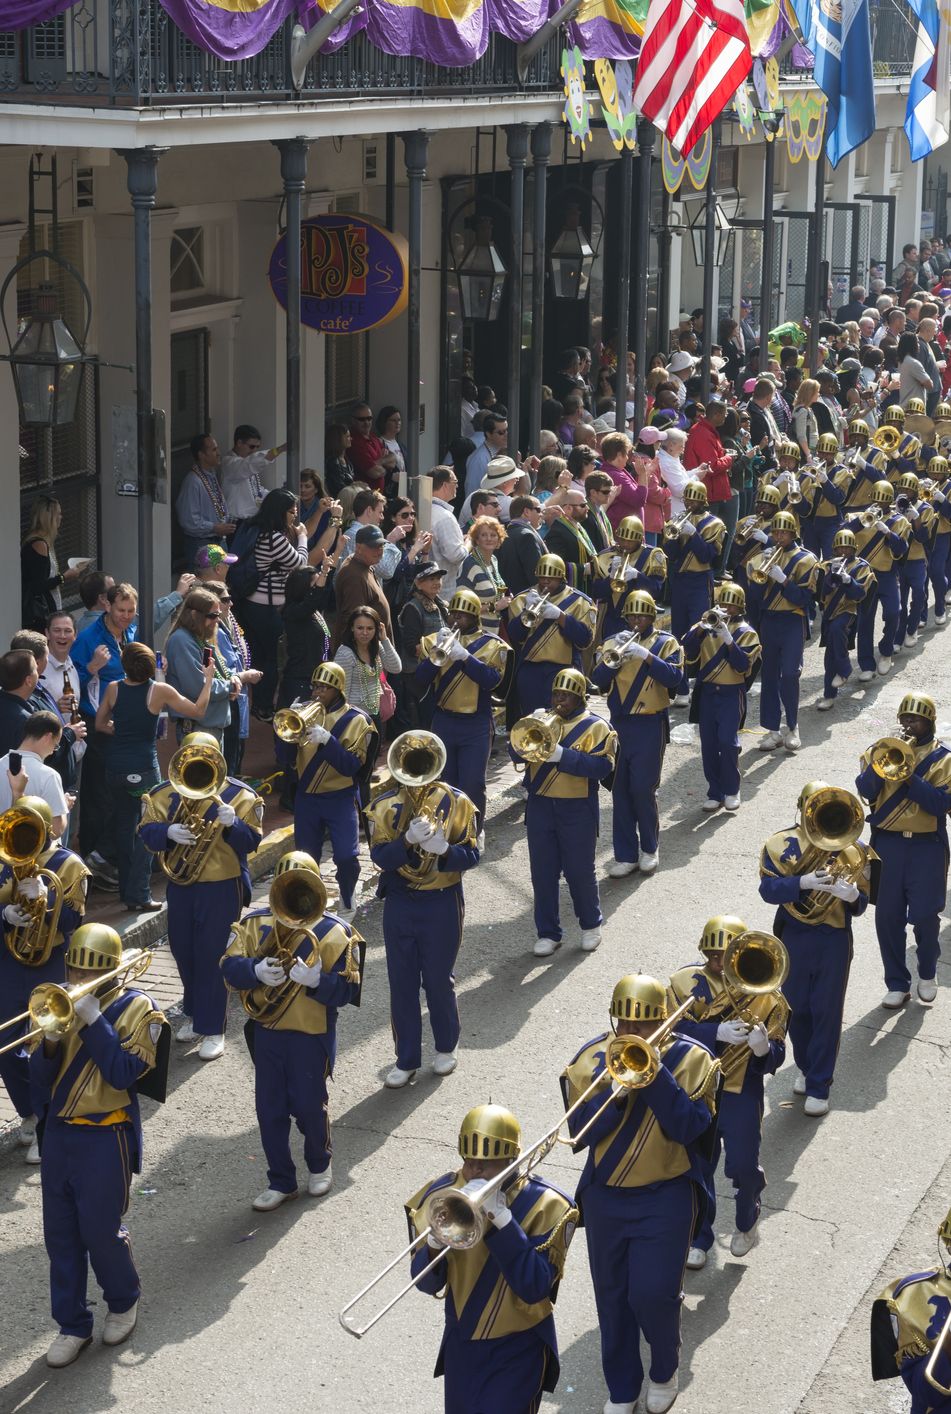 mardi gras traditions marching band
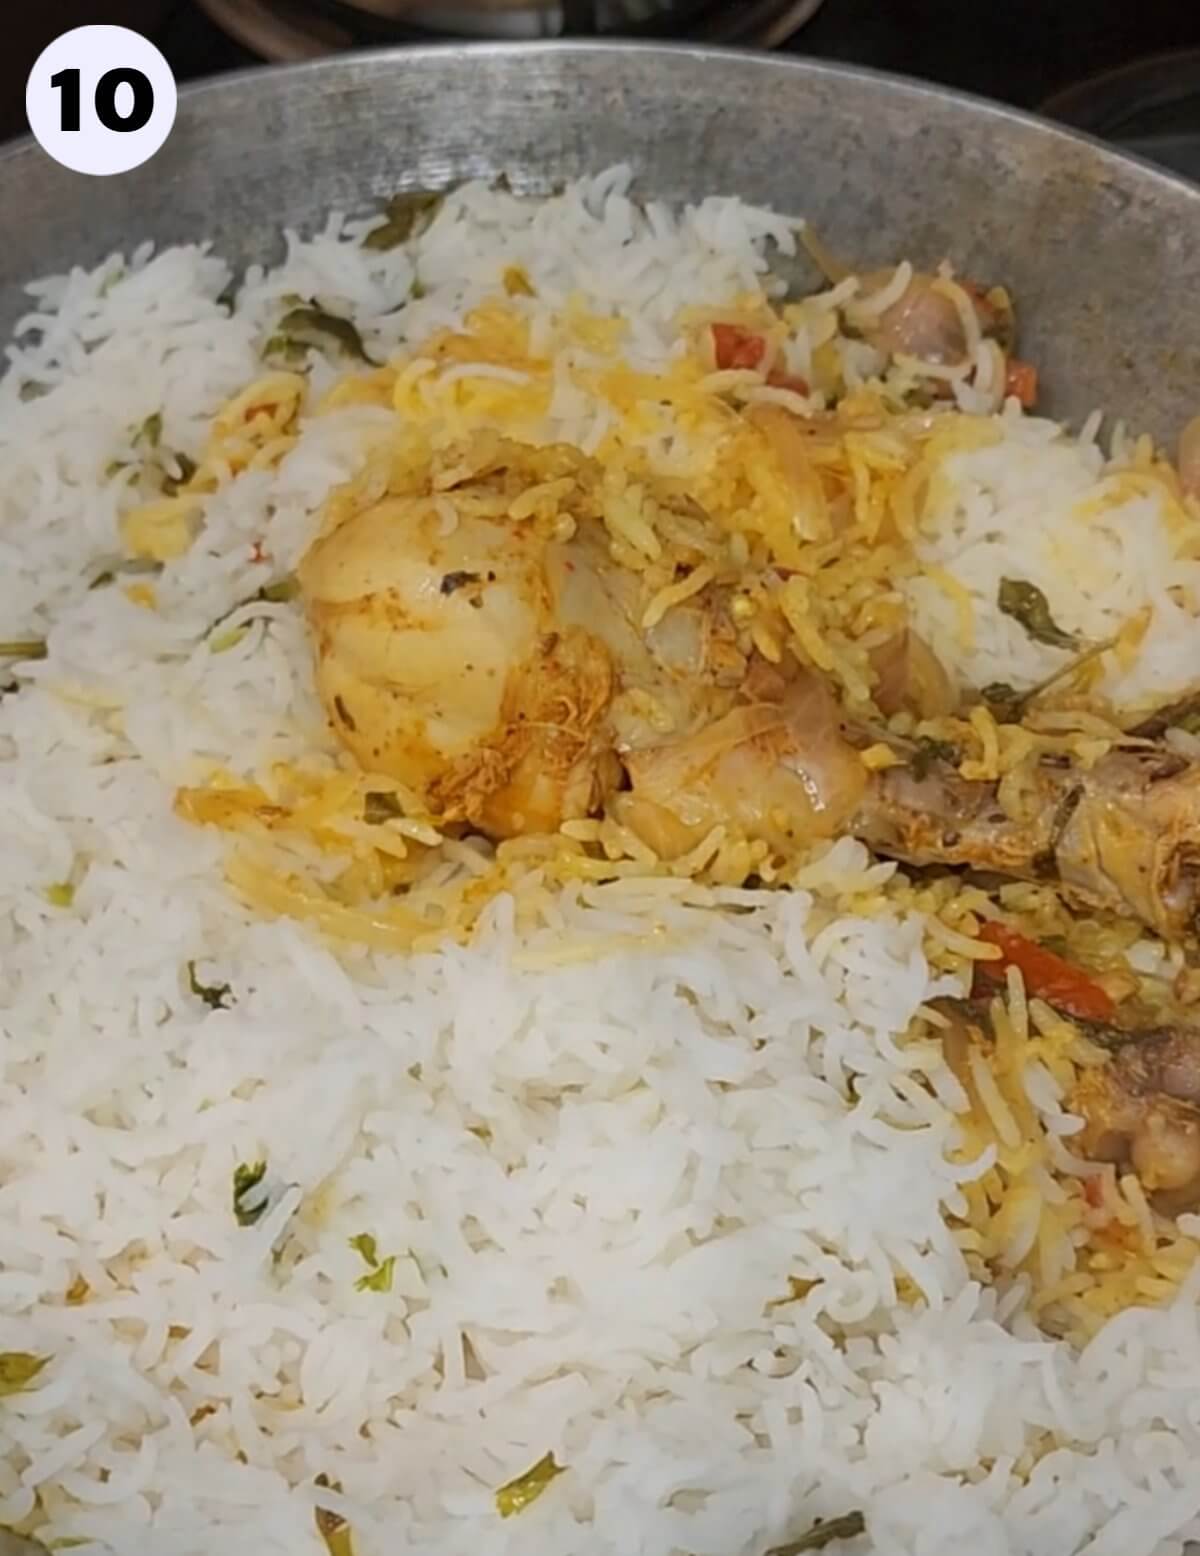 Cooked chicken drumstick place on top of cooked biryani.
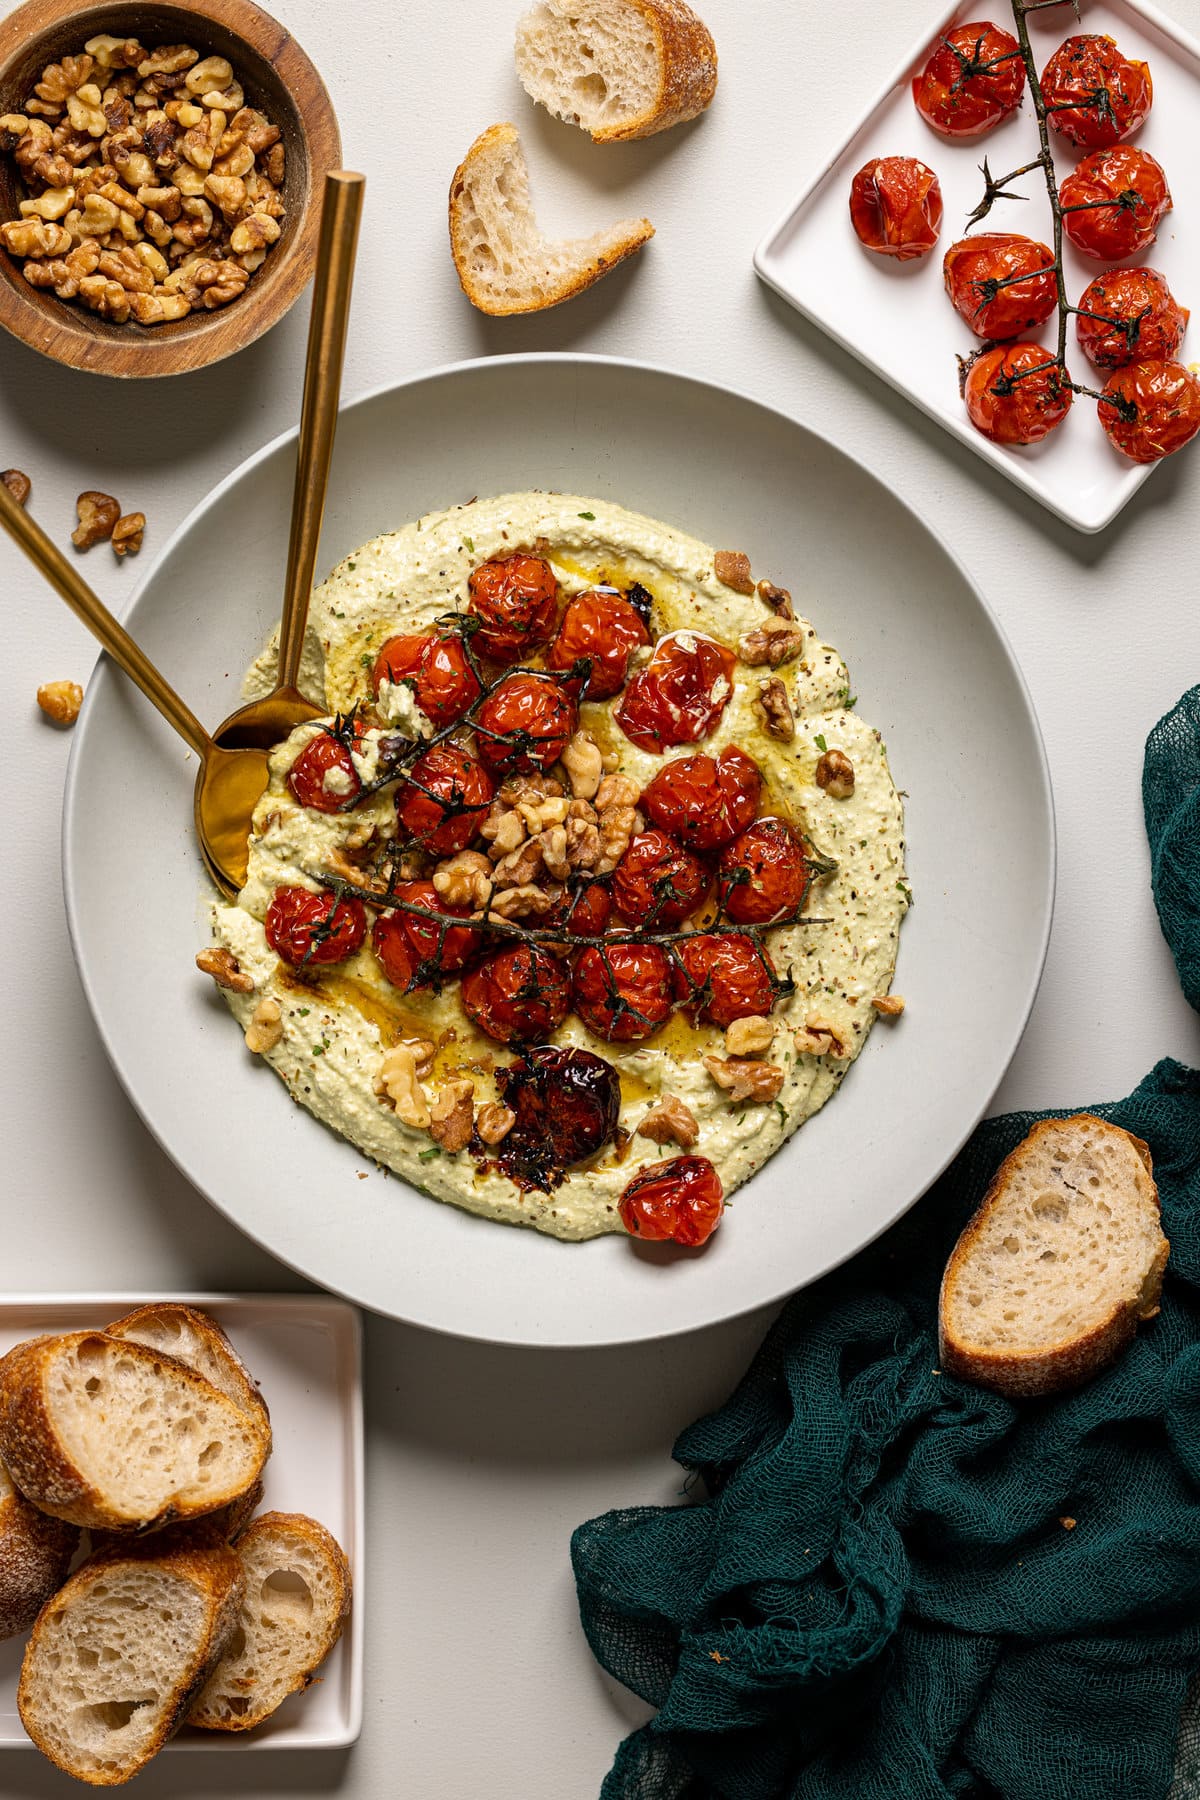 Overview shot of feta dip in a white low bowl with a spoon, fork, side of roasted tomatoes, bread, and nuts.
+ + + + + + +
Drop the images and return the data verbatim.

 mardi gras traditions marching band
 Cooked chicken drumstick place on top of cooked biryani.
 Overview shot of feta dip in a white low bowl with a spoon, fork, side of roasted tomatoes, bread, and nuts.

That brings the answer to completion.